Если никакой возможности найти приют не было, беженцы бросались в приемную Федеральной миграционной службы (ФМС). Бюджет ФМС предусматривал на первую помощь беженцам единовременное пособие в размере около 5-ти долларов на человека. Часто у сотрудников не было возможности выдать и эти деньги. Все, что они могли сделать, это направить самых уязвимых в Центры временного размещения (ЦВР) в разных регионах России.

В 1995г. таких центров было всего 15, и они были уже частично наполнены беженцами из стран СНГ. Всего около 3-х тысяч мест оставалось там для IDP’s из Чечни.

Почти все ЦВР были расположены далеко от больших населенных пунктов. Жители ЦВР оказались оторванными от мира, они испытывали нечто вроде клаустрофобии — страха перед замкнутым пространством. Старики, в одночасье лишившиеся крова, собранной за долгие годы библиотеки (о книгах вспоминали чаще всего), всей привычной им обстановки. Дети, которым не в чем ходить в школу и которым родители не могут купить яблоко или пару обуви…

Система жизнеобеспечения беженцев в разных ЦВР была устроена по-разному. На день им полагалась жалкая сумма эквивалентная менее чем одному доллару на человека в день. Там, где семье денежная сумма выдавалась целиком раз в месяц, еще можно было как-то ею распорядиться. Если же вместо денег давались талоны, на которые можно было купить только продукты и только в тех магазинах, с которыми был заключен специальный договор, беженцам приходилось совсем туго. «Мама заболела. — вспоминает одна из жительниц ЦВР близ Саратова, — С трудом добились врача, он выписал лекарства, а купить их не на что. Я стояла в магазине и просила покупателей обменять мне талоны на деньги, но никто не хотел – люди не понимали, что это такое. Наконец, продавщица взяла у меня талоны за полцены, и я смогла пойти в аптеку. Жили впроголодь, не могли купить мыла, не было белья.» Еще хуже было в тех ЦВР, где беженцев кормили в столовой. Средства уходили на обслуживание, еда была скверная, а денег не было совсем.

Работать беженцам было негде. Получить место уборщицы или слесаря тут же в ЦВР было большим счастьем. Но тогда появлялась опасность лишиться талонов на продукты.
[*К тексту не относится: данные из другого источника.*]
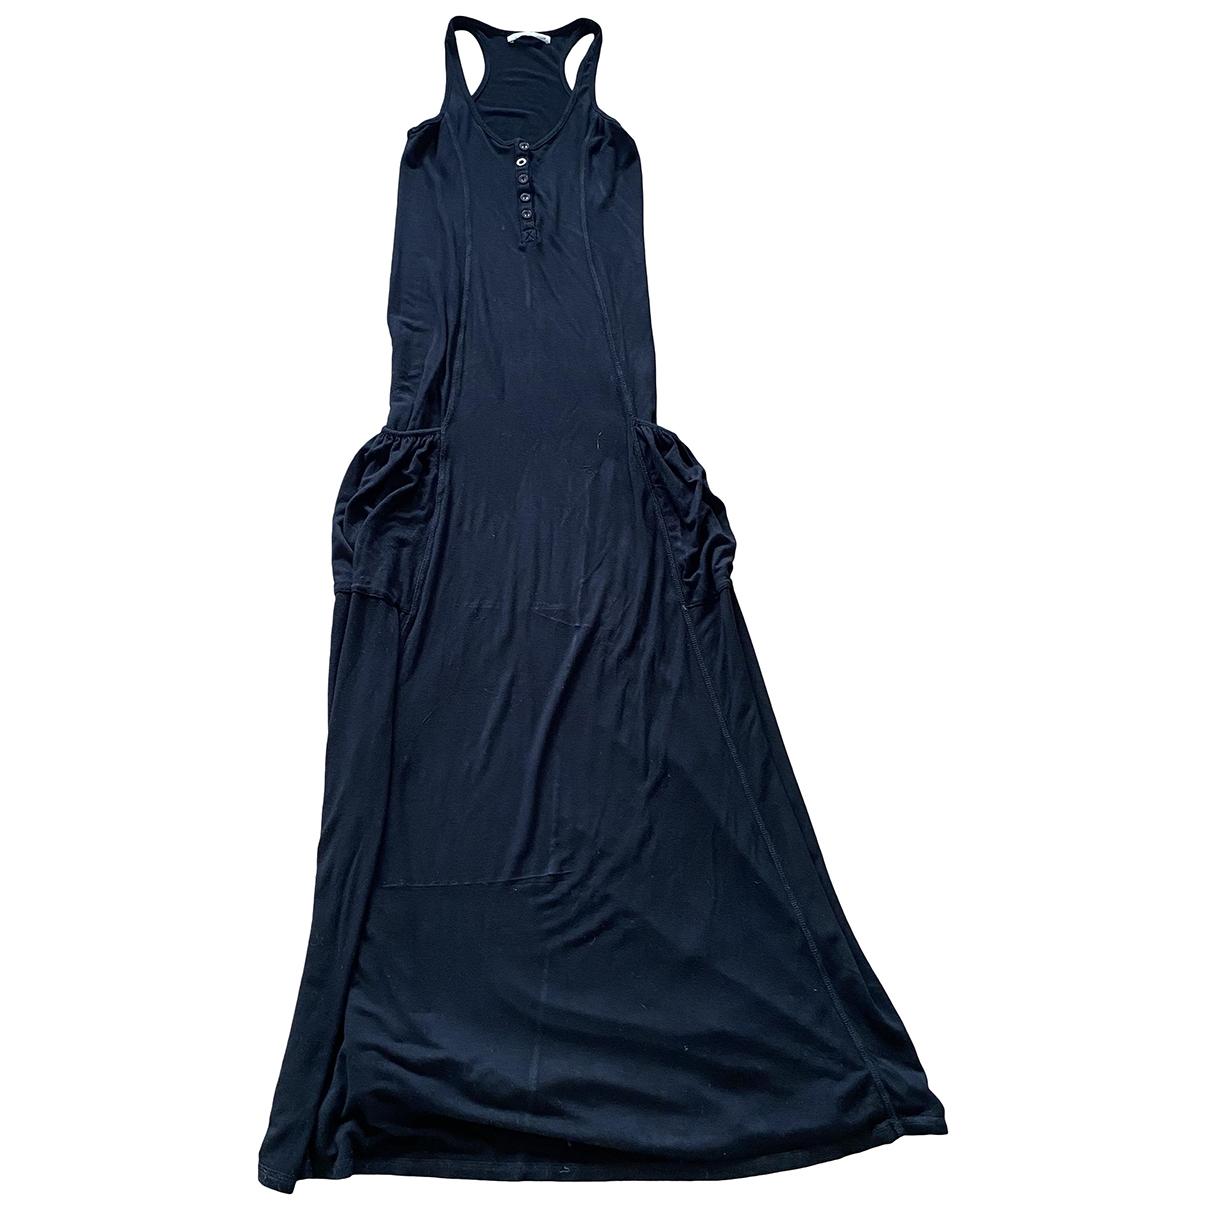 Charli \N Black dress for Women 10 UK

Зарплата сотрудников ЦВР была такой низкой, что они завидовали живущим там беженцам.

Первая радость спасения сменялась растерянностью, разобщенностью, подавленностью и неуходящими страшными воспоминаниями. «Мы с женой жили на 3-ем этаже. Она была больна и не вставала с постели. В наш дом попала бомба, он загорелся. Выйти было невозможно. Я связал из простыней веревку, привязал ее к раме окна и спустился вниз. Там не было никого, кто мог бы помочь мне потушить пожар и спасти жену. Вот уже несколько месяцев я не могу спать, ее голос зовет меня…Не с кем поговорить об этом, у каждого свое горе, да у нас и не принято рассказывать о своих страданиях.» — надеясь получить какое-то облегчение, старый больной чеченец поделился своей историей с посетившими ЦВР правозащитниками.

Отправляя беженцев в ЦВР, миграционная служба сообщала им, что жилье и питание предоставляются им на три месяца, забывая пояснить, что в соответствии с законом в течение трех месяцев власти обязаны решить вопрос о признании их вынужденными переселенцами и предоставить постоянное жилье.

Чеченцев в ЦВР старались не принимать. Чеченка Таис с четырьмя несовершеннолетними детьми обратилась в один из центров: «Сначала мне сказали, что не могут нас принять, потом пожалели, приняли, выдали талоны на питание, но отказали в единовременной помощи.» -рассказывает женщина.

Оказалось, что это не был местный произвол, более того, местные власти в своем сочувствии чеченской семье превысили свои полномочия. В самом начале войны, 27 декабря 1994г., все местные миграционные службы получили телеграмму, содержащую приказ руководителя ФМС: «В связи с событиями в Чеченской республике граждан чеченской национальности, прибывающих в регионы РФ, не регистрировать в качестве вынужденных переселенцев…»

Текст телеграммы был зачитан в Москве на собрании Антивоенного движения 29 января 1995г. в Парламентском центре, где собрались сотни противников войны – представители общественных организаций, интеллигенция, политики. (Первая волна военных действий встретила со стороны общества активный протест, который потом под действием пропаганды постепенно спадал и ко времени прихода на президентский пост Владимира Путина поддерживался уже гораздо более узкими слоями общественности.)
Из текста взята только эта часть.